Easy, say family-law attorneys, child-abuse advocates, and child-law specialists. Family courts aren’t equipped to adjudicate criminal matters. They exist to settle divorces, wills, adoptions, guardianships, and other matters related to litigation between family members.

Three recent studies that looked at the outcomes of custody disputes involving child-abuse claims — one study surveyed California courts, one surveyed Massachusetts courts, and a third tracked 300 cases over a 10-year period in courts throughout the country — all came to the same conclusion: the nation’s family courts are failing to protect children from abuse.

"Family courts are not in a position to litigate the complexities of child sexual abuse," explains Seth Goldstein, a Napa, California–based attorney who represents men and women in custody disputes involving child-sex-abuse charges. Goldstein, who also founded the Child Abuse Forensic Institute, in Napa, says that most family courts are "overburdened" with cases and don’t have time for the lengthy trials and investigations that child-abuse allegations demand. "In many family courts," he says, "you often have only one sitting judge to hear hundreds of matters that have to do with many, many things, so the courts are compelled to move things along as quickly as possible. The system is just not conducive to [dealing with] child abuse."

Colorado attorney Alan Rosenfeld, who specializes in representing parents in custody disputes involving child-abuse allegations and has counseled approximately 1000 mothers trying to protect their children from abusive ex-husbands, is blunt: "If we ever sat down to design the worst possible system that protects the smallest number of children, it would look a lot like the family courts look today."

Nearly 25 experts in custody litigation involving child-abuse claims were interviewed for this article. All had the same three complaints about family court — regardless of which state’s court system they were familiar with:

Family courts do not rely on criminal investigators to examine child-abuse claims. They rely on family advocates called guardians ad litem (GALs), whose charge is to investigate allegations of abuse, abandonment, and neglect and to represent the best interests of the children in disputed custody cases. More often than not, they are licensed psychologists or social workers. Sometimes, they are attorneys. They may be highly trained in their own areas of expertise, but that doesn’t qualify them to evaluate physical evidence of abuse and to interview victims and alleged abusers. Yet in contested custody battles, they are frequently called upon to do just that. Their recommendations carry significant weight in judicial decisions that set the course of a child’s life.

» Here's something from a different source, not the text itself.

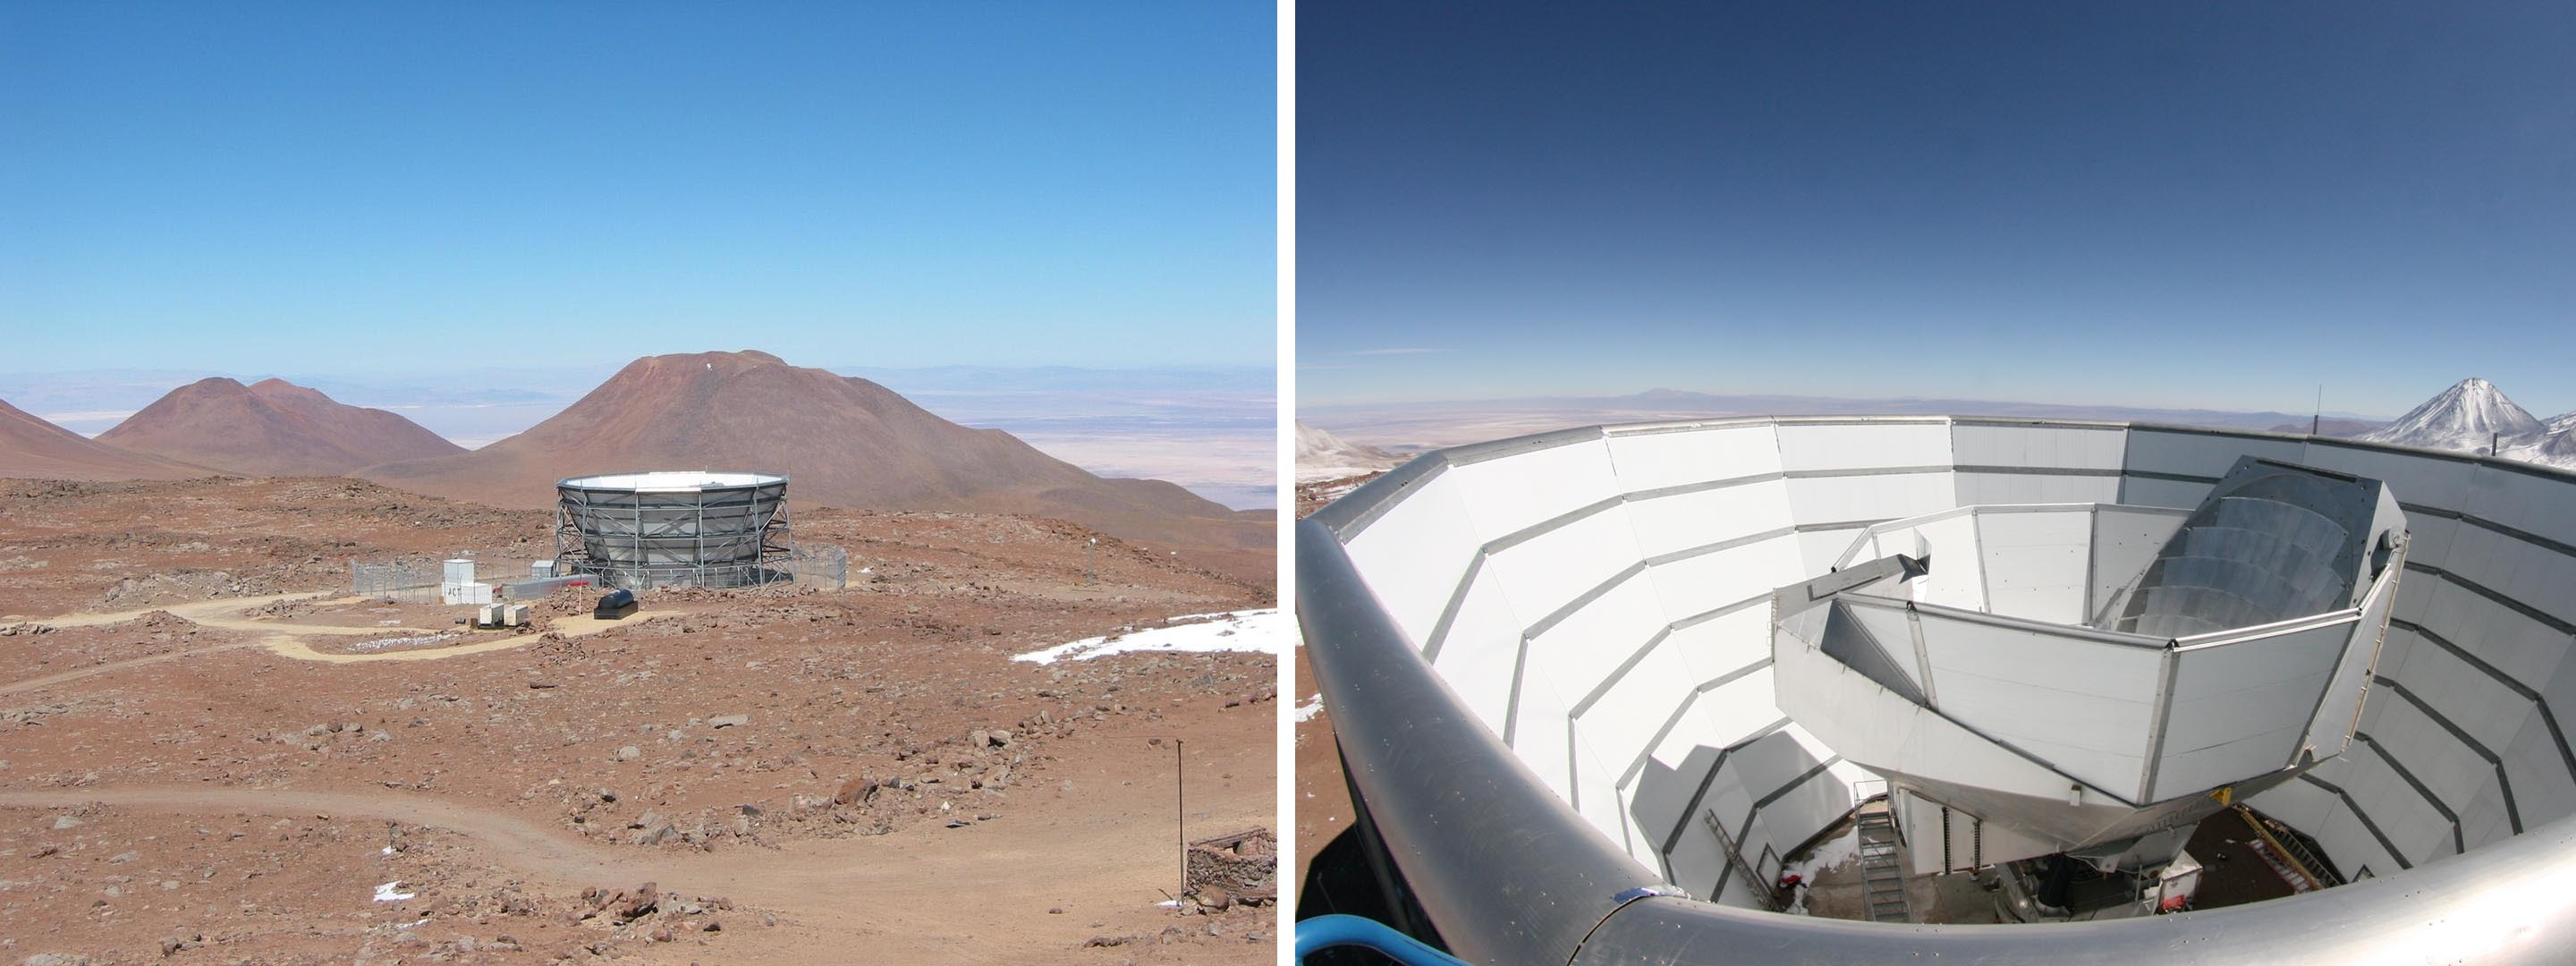 Le télescope ACT, pour Atacama Cosmology Telescope, est installé à 5200 m d'altitude dans les Andes chiliennes.

Normal courtroom checks and balances don’t exist in family court. Unlike in criminal and civil court, there are no juries. And family courts do not mandate legal representation. Therefore, the only litigants with attorneys are those who can afford them. In this atmosphere, judges have extraordinary powers and can work with near-complete impunity. It is not uncommon, for example, for judges to hold hearings in which important rulings are made with only one party present (called ex parte hearings); such hearings can violate basic constitutional rights of due process.

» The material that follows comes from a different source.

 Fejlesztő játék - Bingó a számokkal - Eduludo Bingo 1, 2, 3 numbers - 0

Gender bias and traditional stereotypes of how women and men parent children continue to prevail in family court. As a result, while conventional wisdom has it that mothers almost always fare well in family court, statistics show otherwise. In 1996, the Williamsburg, Virginia–based American Judges Association released a report, "Domestic Violence and the Courtroom," in which it noted that wife batterers and child abusers convince family-court officials that their ex-wives are "unfit" or "undeserving" of sole custody in roughly 70 percent of contested custody battles. A 1989 Massachusetts study commissioned by the state’s Supreme Judicial Court (SJC) showed that gender bias often hampers the administration of justice for women in custody decisions. It’s true that mothers are almost always awarded full or joint custody of their children in divorce cases where custody isn’t disputed. Yet the study found that when there was a fight over the children, fathers won primary or joint custody more than 70 percent of the time — whether or not there was a history of spousal or child abuse. (See "Changes in Massachusetts Family Courts Since 1989," this page.) Although the study is 13 years old and a number of things have changed since it was first published, at least 23 states have conducted gender-bias studies since — and all have made similar findings.

AMERICA'S DARKEST SECRET

IT'S HARD TO say how many children are affected in these cases. Massachusetts family courts mediated approximately 9450 custody cases in 2001; multiply that by 50 and you get an extremely rough estimate of how many such cases are heard nationwide every year 472,500. Of these, it's impossible to say how many involve charges of child abuse. Massachusetts family courts, for instance, do not keep statistics on the types of custody cases litigated. To date, the most reliable and largest national study of the incidence of child sexual abuse in contested custody cases occurred in 1990, when the Association of Family and Conciliation Courts, in Denver, surveyed 9000 custody disputes in 12 family courts across the country. Fewer than two percent involved child-sex-abuse charges.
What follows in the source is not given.